The input consists of several test cases. Each test cases begins with a line containing a single integer n (2 ≤ n ≤ 15). Each of the next n lines contains two integers x, y (−1,000 ≤ x, y ≤ 1,000) giving the coordinates of a point. It is assumed that no two
points are the same as each other. A single zero follows the last test case.

Output

Output the minimum total area of rectangles on a separate line for each test case.

Sample Input

2

0 1

1 0

0

Sample Output

1

Hint

The total area is calculated by adding up the areas of rectangles used.

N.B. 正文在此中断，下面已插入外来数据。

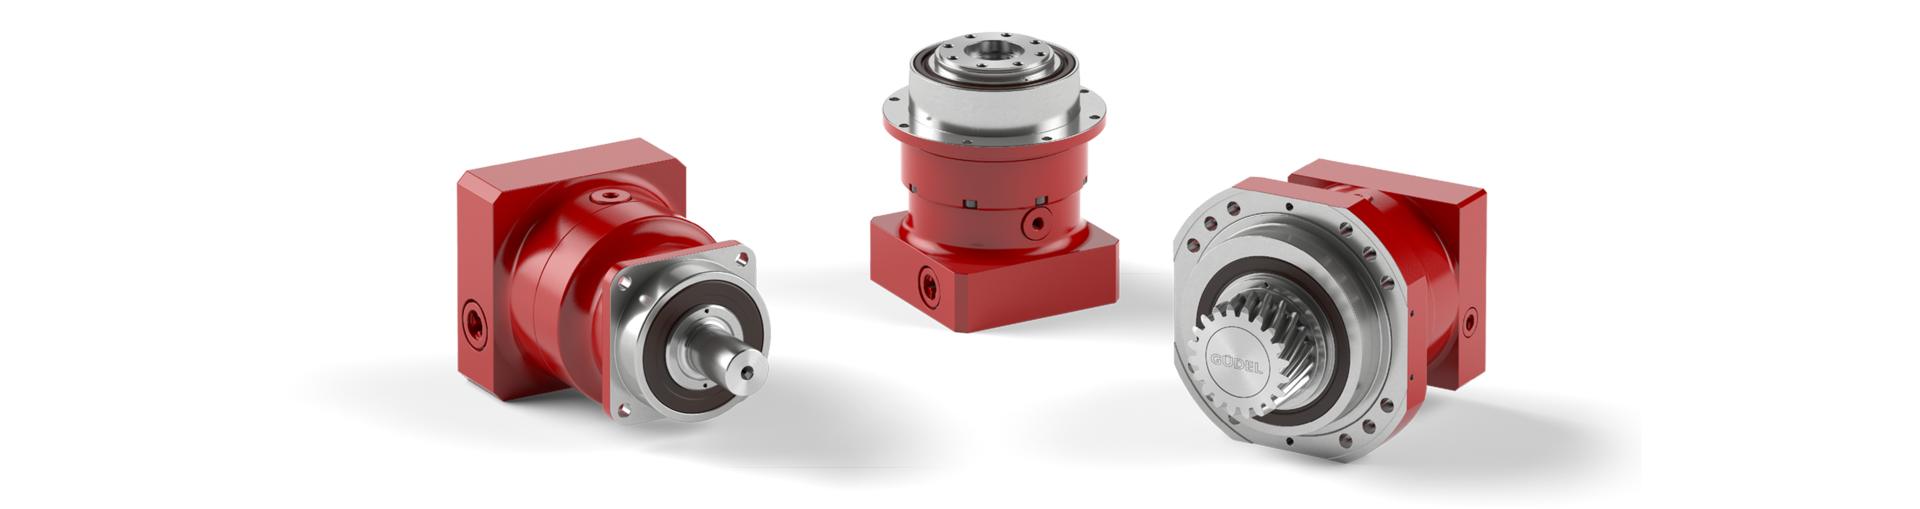 Planetary gear with optimized helical toothing | © Güdel Group AG

因为要面积最小，所以每个矩形的一条对角线的两个顶点肯定是这些点，所以可以枚举出以i,j为顶点的矩形可以覆盖的集合，以及它的面积。

此题不可以出现面积为0的矩形，所以当出现x[i]==x[j]或者y[i]==y[j]时，让它为0的这边的边长变成1。

预处理，枚举任意两点，求它的面积，并看这两点之间还有多少点被覆盖，将被覆盖的所有点存入状态。

然后就可以DP了

代码如下

/*AC*/
#include <cstdio>
#include <iostream>
#include <cmath>
#include <cstring>
#include <algorithm>
using namespace std;

const int inf = 1e9;
int n, m;
int x[15], y[15];
int dp[1<<15];
int state[15*14/2], squ[15*14/2];

void Init(){ //预处理所有只包含对角线上两个点的状态及其面积
m = 0;
for(int i=0; i<n-1; i++){
for(int j=i+1; j<n; j++){
state[m] = 0;
for(int k=0; k<n; k++){
if((x[i]-x[k])*(x[k]-x[j])>=0 && (y[i]-y[k])*(y[k]-y[j])>=0){ //用乘积符号判断点在矩形内，避免了比较对角线上两个点的大小
state[m] |= (1<<k);
}
}
if(x[i] == x[j]) squ[m] = abs(y[i]-y[j]); //对角线的两个端点共线的情况
else if(y[i] == y[j]) squ[m] = abs(x[i]-x[j]);
else squ[m] = abs(x[i]-x[j])*abs(y[i]-y[j]);
m++;
}
}
}

int main(){
while(scanf("%d", &n) && n){
for(int i=0; i<n; i++)
scanf("%d %d", &x[i], &y[i]);
Init();
dp[0] = 0;
for(int S=1; S<(1<<n); S++)
dp[S] = inf;
for(int S=0; S<(1<<n); S++){
for(int i=0; i<m; i++){
int T = S|state[i];
if(T == S) continue; //如果state[i]是S的子集
dp[T] = min(dp[T], dp[S]+squ[i]);
}
}
printf("%d\n", dp[(1<<n)-1]);
}
return 0;
}